Diane’s stipulation was not a “catalogue car” but that it had to be all handmade with a lengthened wheel base to give the extra leg room they both needed (Diane and Tim are 6 foot plus).
First thing on the agenda were the wheels and tyres. Billet Speciality Dagger style were chosen, 7 x 17 on the front and 20 x 8.5 on the rear. The tyres were Falken radials 205x40x17ZR on the front and 245x40x20ZR on the rear. A Jaguar XJ6 diff with a 3.3:1 ratio. The engine was a 1992 Corvette LT1 fuel injected and the gearbox was a Chevy 700R4. With all of these components we had everything that we needed to begin mocking up the car, including ride height, stance, and correct engine/diff ratio for good economy – at this point no steel had been cut or shaped.
Two chassis rails were fabricated from our own design from 4mm sheet; they run parallel from front to the start of the rear kick up. Then with a very high kick up and “c” to clear the rear drive shafts. The car was always going to have a low stance, but not to have anything below scrub line.

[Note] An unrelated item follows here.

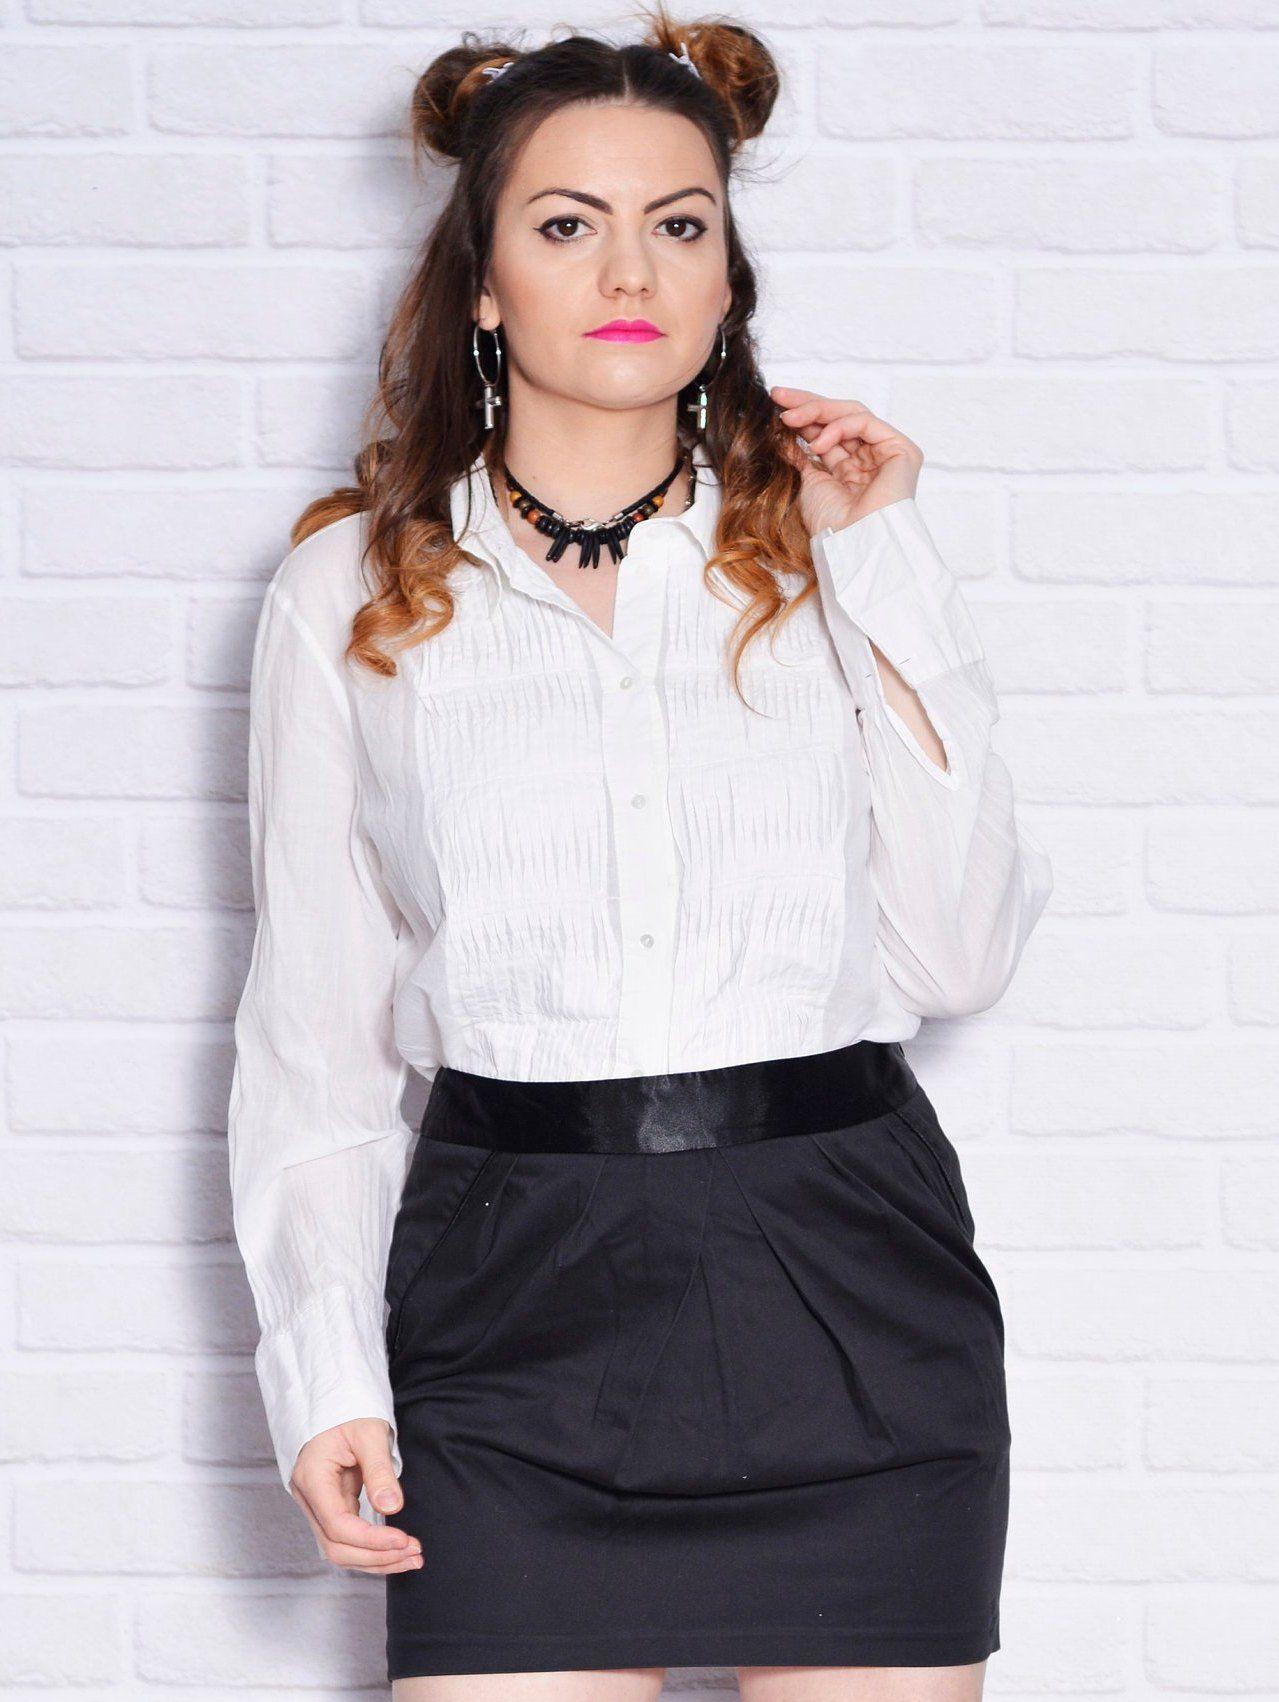 Betere White Tuxedo Shirt 90s Semi Sheer Blouse Cotton Long Sleeve | Etsy QH-34

Low meaning, the steering rack would be doing through the middle of the chassis rails and the top A arms would be on tall fabricated brackets.

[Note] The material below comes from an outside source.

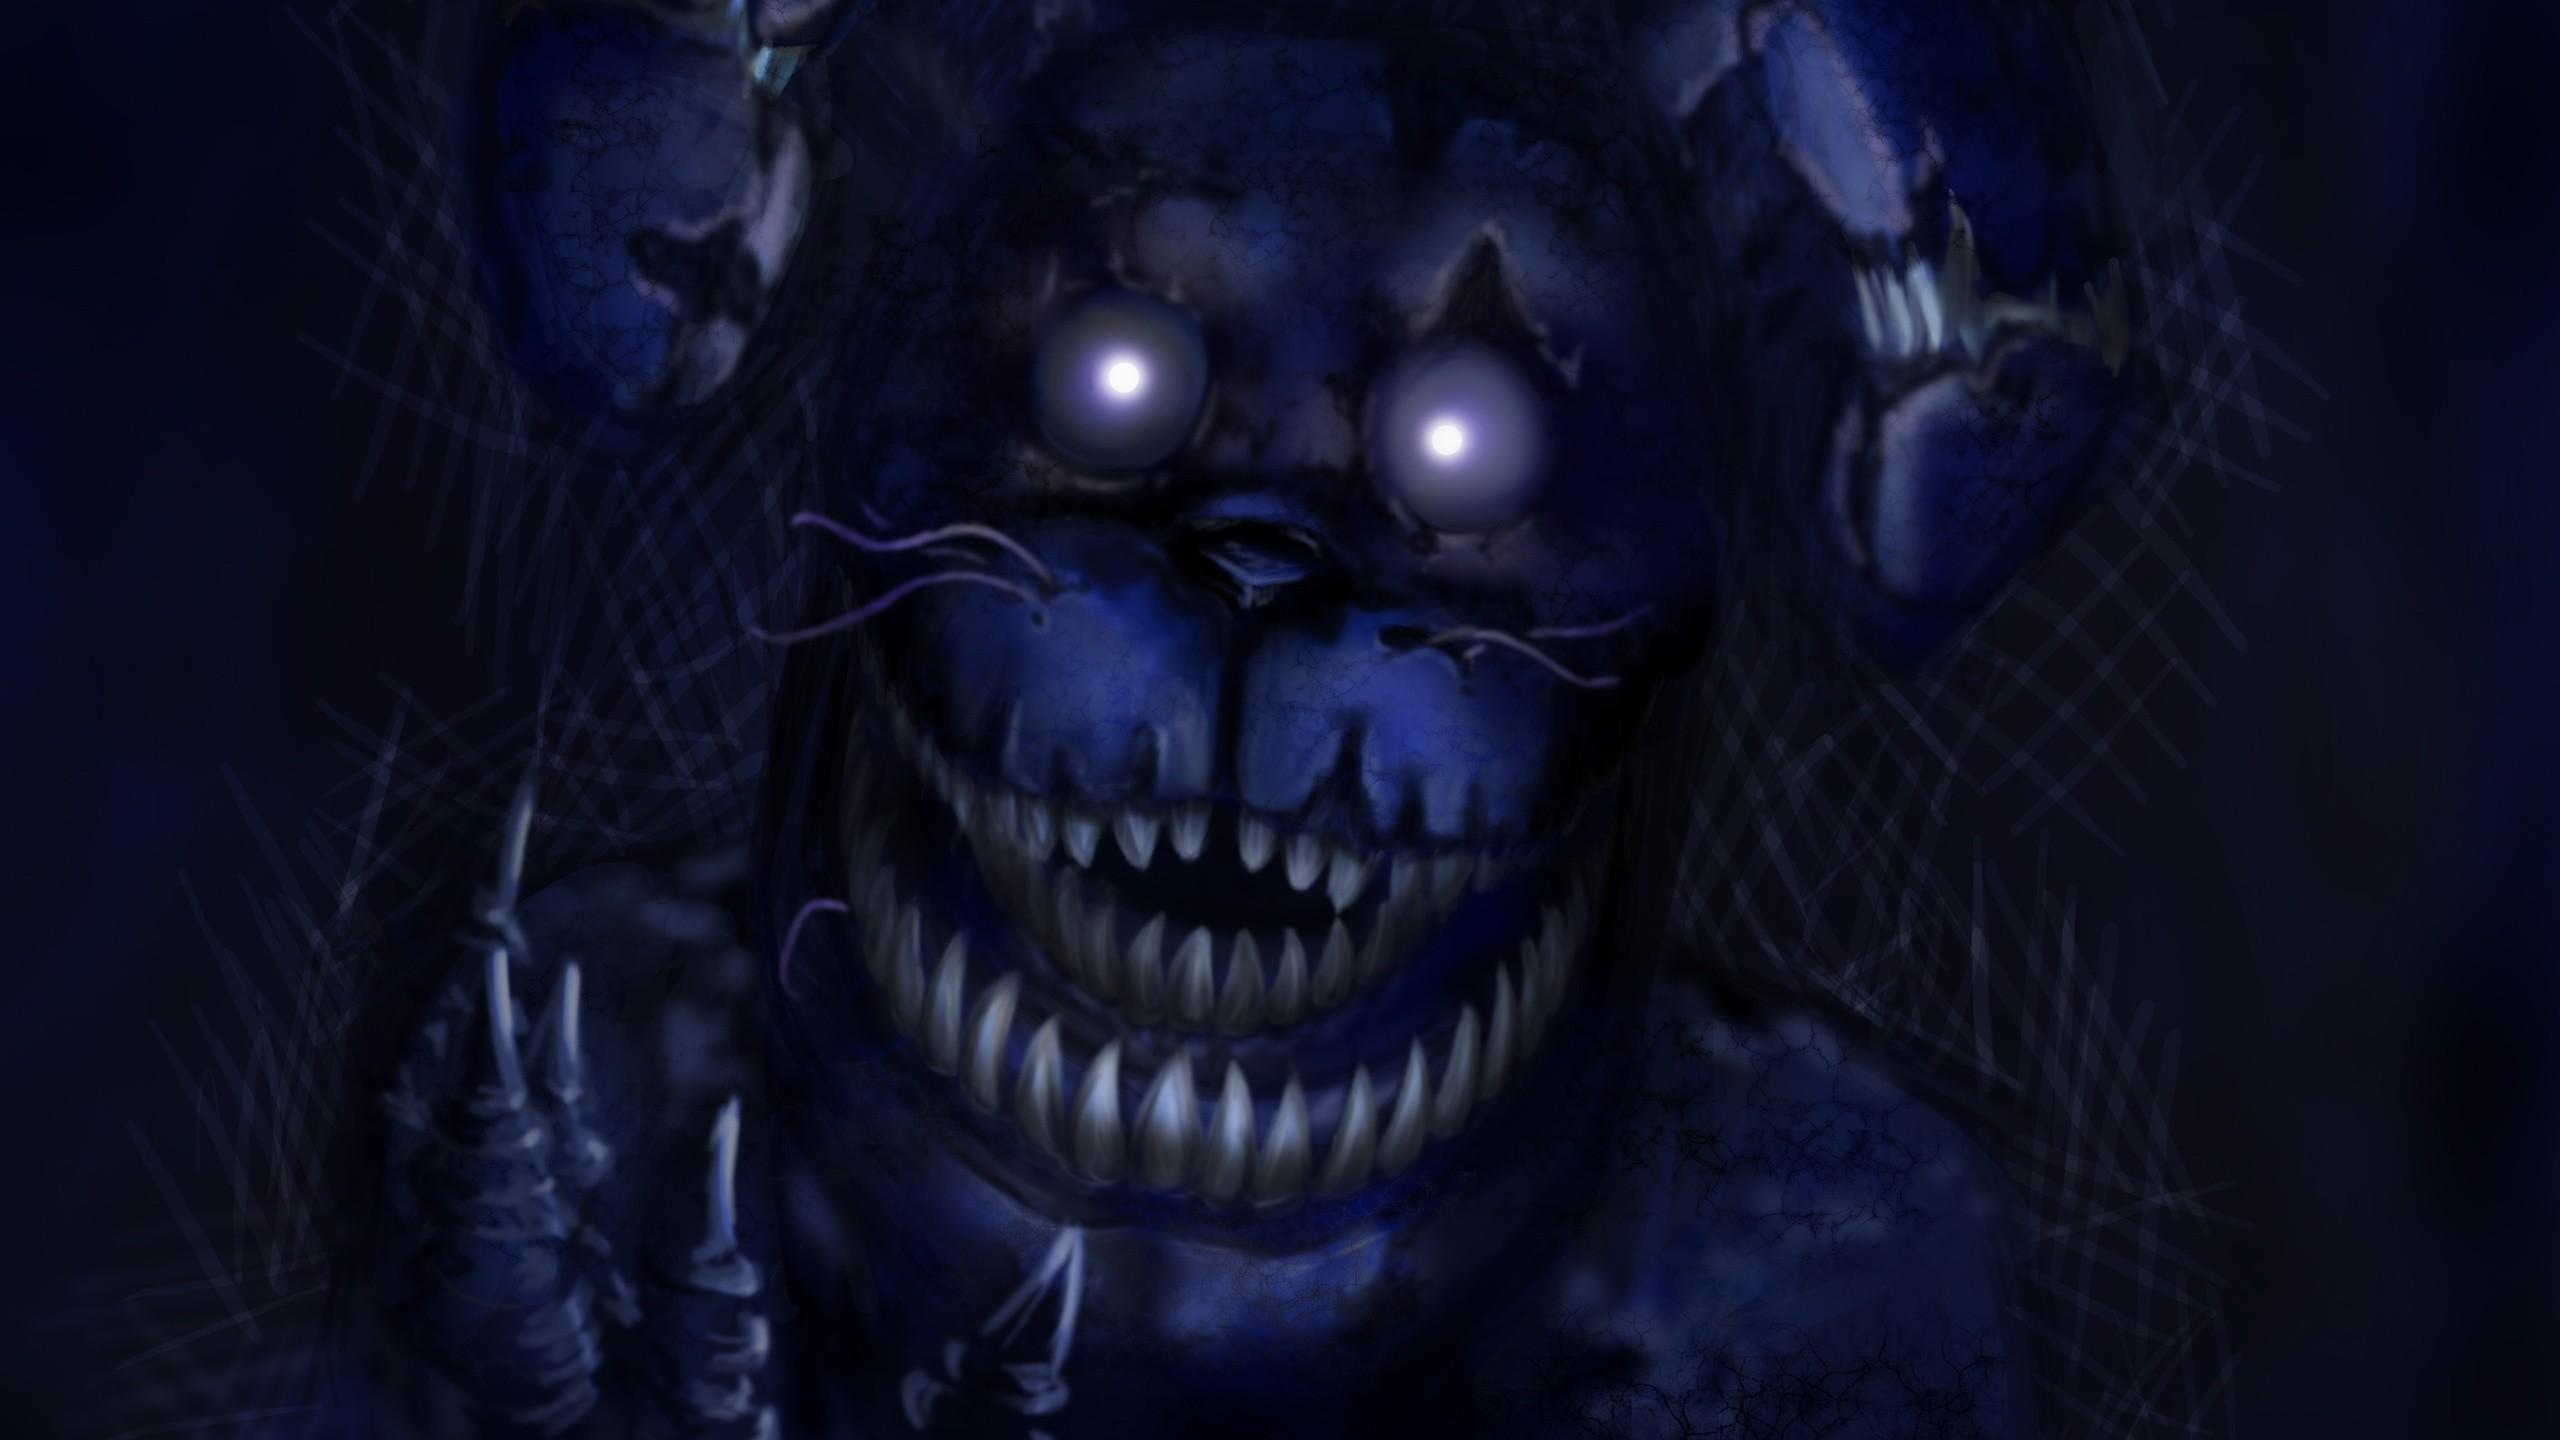 Fnaf, Fnaf 4, Nightmare, Horror Game, Bonnie .

Inside the frame 1 ½” by 1/8” CDS tubing was welded to the inside of the chassis rails and the boxing plates were cut around the tubes and then welded to the chassis and the tubes for double strength.
Next we set to designing and creating the rear suspension. We started off with a Jaguar diff and narrowed S type drive shafts. The aluminium hub carriers were scratch built and machined by Tim from solid blocks of HE30 aluminium. These would take the Jaguar rear bearings and wheel flanges, bottom and side links. Machined aluminium plates were made to bolt to the diff to take Willwood callipers and handbrake callipers. The diff cover was an XJ40. Three aluminium blocks were machined into a channel and mounting plates for the bottom links. 8 stainless steel 1 inch bars were machined and threaded with 16 rose joints for the multilink rear suspension. 1 pair of Protech 16” fully adjustable aluminium coil overs, fully adjustable, 16 machined aluminium UJ caps and aluminium covers were machined to cover the rear Jag flanges to complete the rear suspension.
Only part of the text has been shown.